Saving Time with Char
On the Road Again
I posted this earlier this year. People ask me all the time, “Char, I don’t have time to make breakfast in the morning, what should I do?” Popular TV commercials have you believing that “instant oatmeal” is the way to go, but the word “instant” goes hand and hand with increased sodium. You don’t need the added, unnecessary sodium.
Since writing this original post, I’ve created a new recipe to my roster of plant-strong treats. After you read the blog, you’ll see the recipe for the “Waffle Cookies.” Read on to see why they are called such. Plant-strong®!!
It’s early morning, and I am running late. I still have that engrained “breakfast is the most important meal of the day” thing in my head, and I always eat breakfast. Minutes later, I am stuck in slow moving traffic, and I notice the car to my right, where I see the driver eating a “fast-food breakfast sandwich” while drinking what looks to be a gallon sized mug of coffee. I am also in awe of this driver, because she is putting on full make-up at every red light.
If you were looking for a contrast…then, there was me. Yea, I was running late, and missed that window of time that gets you to the turnpike in six minutes. Once you miss that window, you may as well expect a twenty minute ride. But, I had a great “to-go” breakfast…because I didn’t have the time to sit and eat a plant-strong breakfast at home.
A while ago, I re-created a cousin to the Mighty Muffin, calling it the “Mighty ‘Bean’ Muffin.” It has mashed beans and bananas in it, and fills the ticket for things “delicious”. I also make my own oat flour. The finished product has three grams of protein, and only 80 calories. I make them in bulk, and store them in the freezer in little bags that each contain two muffins. I make a cup of tea (in my Cuppow®, which converts your Mason® jar into a travel mug), grab a piece of fruit, and off I go.
It’s a breakfast that is packed with a punch…fiber, protein, and deliciousness. Making a double batch yields 24 muffins. By my calculations, that is breakfast for more than two weeks of your daily drive to work. I am an unconventional baker, so follow these directions, and you will have the best “grab and go” breakfast on the roads. Really.
Mighty Bean Muffins
Note: I take four cups of old-fashioned oatmeal, and put it in my blender, and make my own flour. You’ll get two cups of flour this way.
2 cups of oat flour
1 t of baking powder
1 t of cinnamon
4T of raisins (optional), or any type of dried fruit (I also love prunes)
2 very ripe bananas
1 cup of mashed beans (any type will do)
½ cup of unsweetened applesauce
½ cup of water
Juice from one lime or lemon
Take all wet ingredients and put them in the blender. Allow them to puree until you have a tan looking “batter.”
Put into a bowl and add the dry ingredients. Stir until moist. Let stand for five minutes.
Spoon into silicone muffin pans, and fill 2/3. Place in a preheated 400 degree oven for 20 minutes, or until the muffins test “dry.”
Allow to cool. Arrange into packets of two, and put them in the freezer. You have a great snack. And, you have great “car food.”
These are great time savers. And if you make enough, you always have a great breakfast. Make a double batch.
Get your motor running and head out on the highway, in plant-strong style. And if you are running late, no-drive through for you, because you are well packed with a great and delicious breakfast.
NOTE: I had to go to a meeting last week, where the organizers said that they’d have “light breakfast.” I knew that translation, and decided to make a fruit salad. I already had the Mighty Bean Muffins, and pulled a dozen from the freezer. When I got to the meeting, I felt as though I needed to promote the muffins and explain what they were.
But, when will I ever learn. There is NO need. People just attacked the plate of muffins and asked for the recipe. My point?
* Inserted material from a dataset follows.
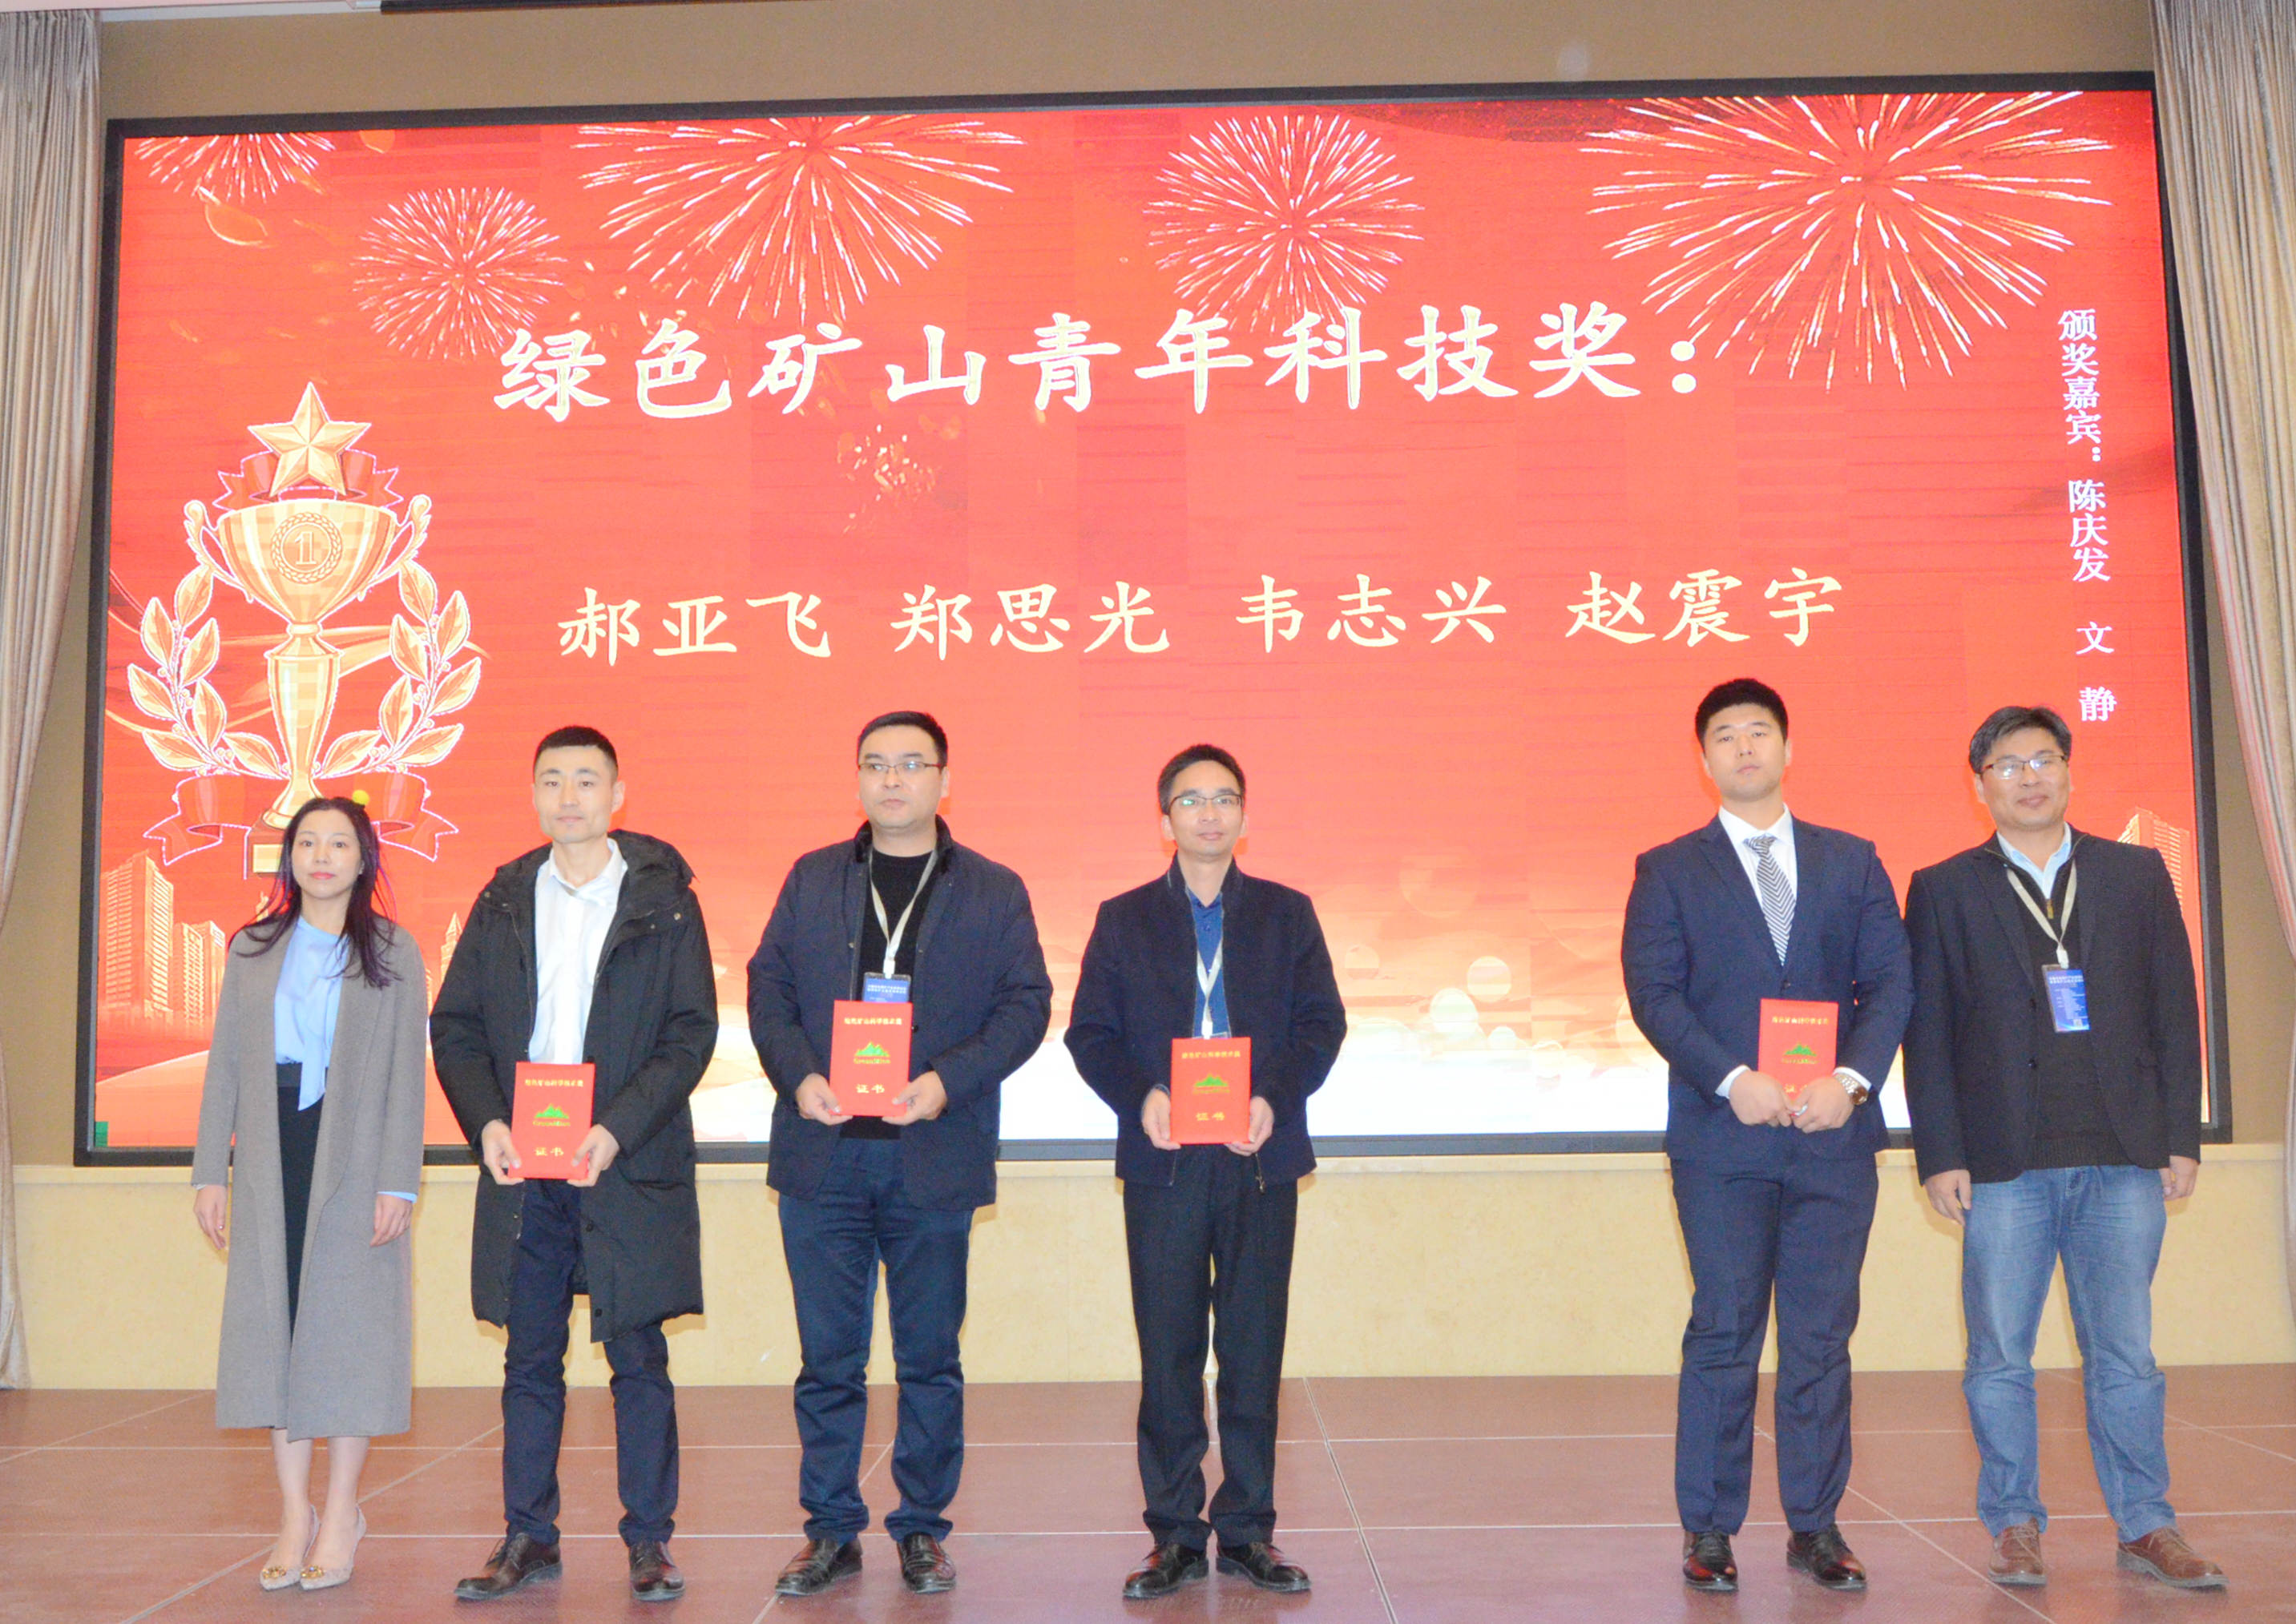 2020年中国非金属矿产业高峰论坛暨绿色矿山建设高峰论坛在河南郑州成功举办！

Be a promoter and supply food to others. They will get this “plant-strong” thing, for sure.
Have you ever made an “Ann Esselstyn Waffle?” One morning while I was making a waffle, I thought to myself, “I bet I can bake this batter into a cookie.” With a few modifications, they have replaced the “Mighty Muffin” as a morning mainstay. These will be the easiest thing to make.
Ingredients (Preheat oven to 400 degrees)
3 very ripe bananas
½ cup of applesauce
½ cup of almond milk
1 t of vanilla
1 t (or more) of cinnamon
Raisins (if you want)
- Mash the bananas and mix with applesauce.
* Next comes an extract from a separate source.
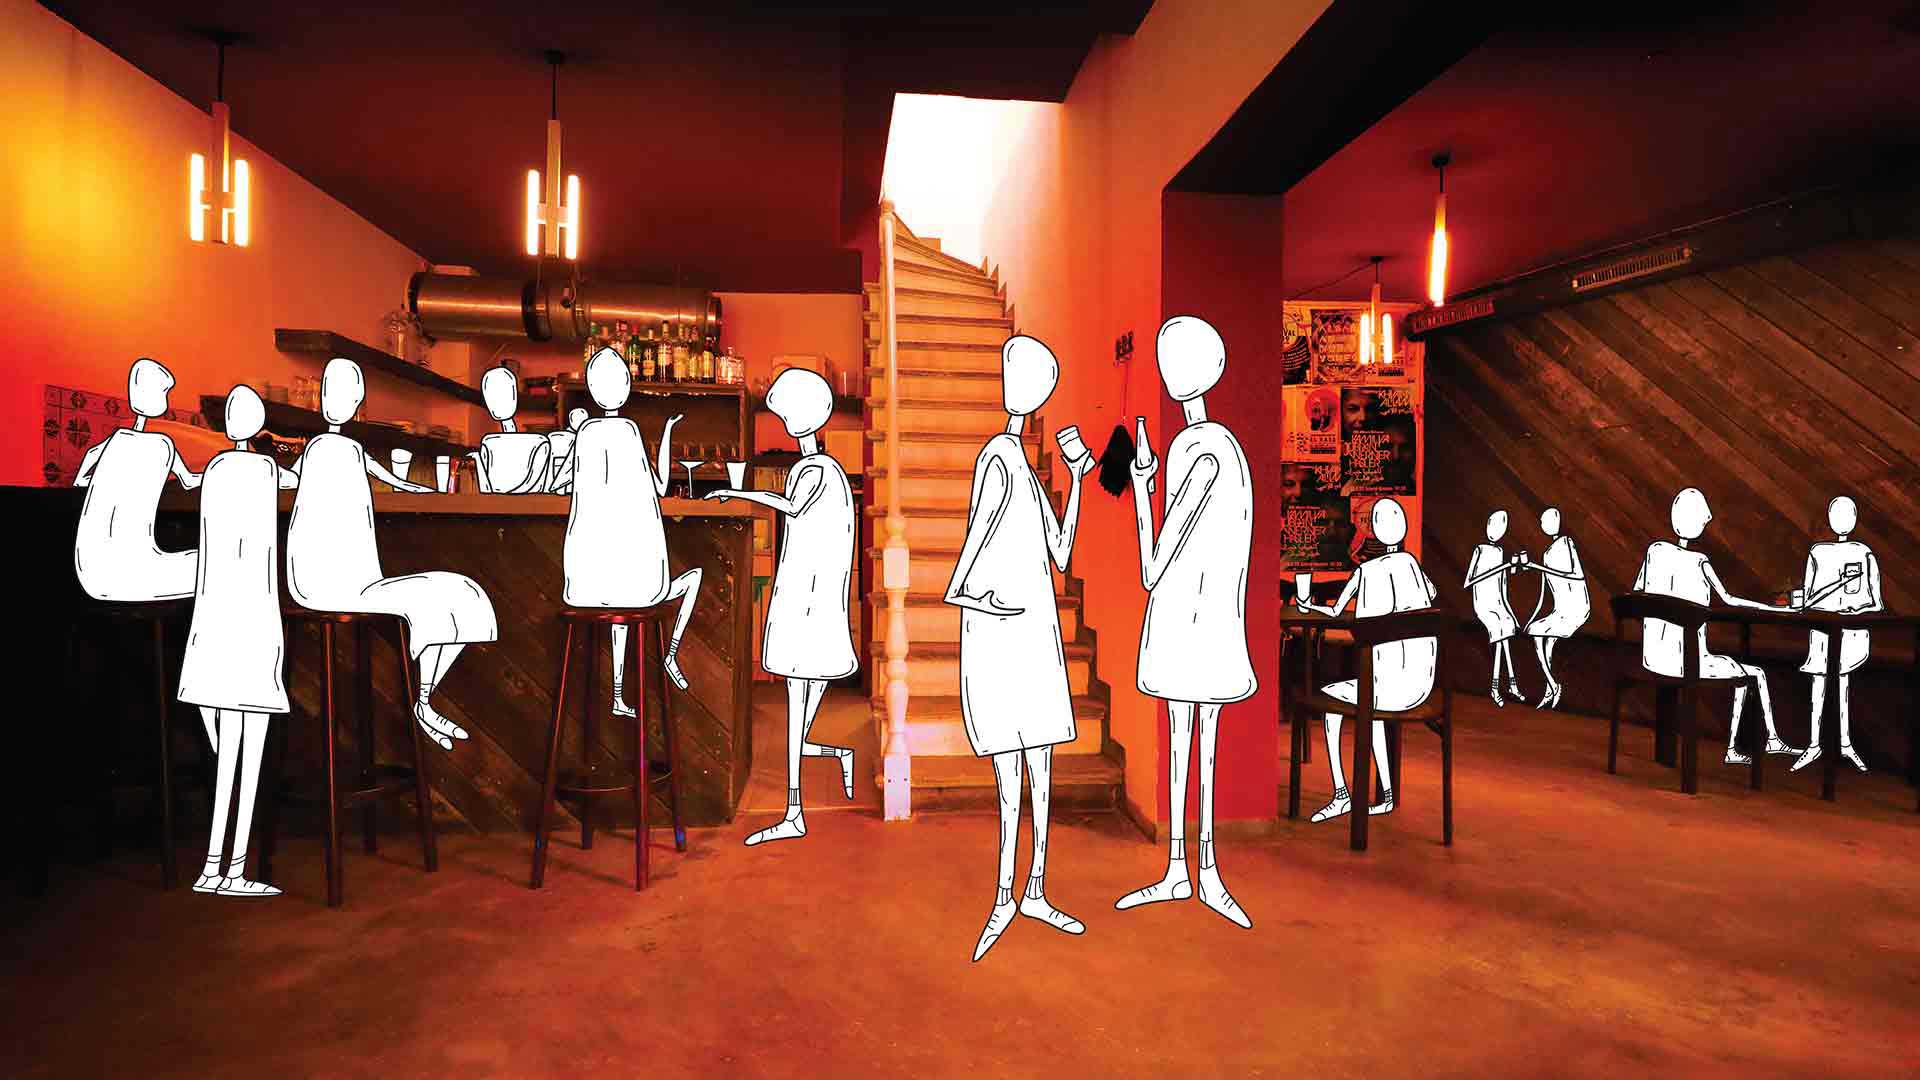 AL Berlin Cafe Bar Illustrated by Krishan

- Add almond milk and vanilla to mixture. Mix well.
- Add cinnamon.
- Mix in the oatmeal and stir well.
- Place on a lined cookie sheet, spoon, or use an ice cream scoop.
- Sprinkle dry ginger on each cookie (adds a nice kick)
Bake between 13-18 minutes. Let cool totally. Will peel off the paper easily.
Store in a container, or freeze them. This is a PERFECT breakfast. If you make them, post a pic and let us know.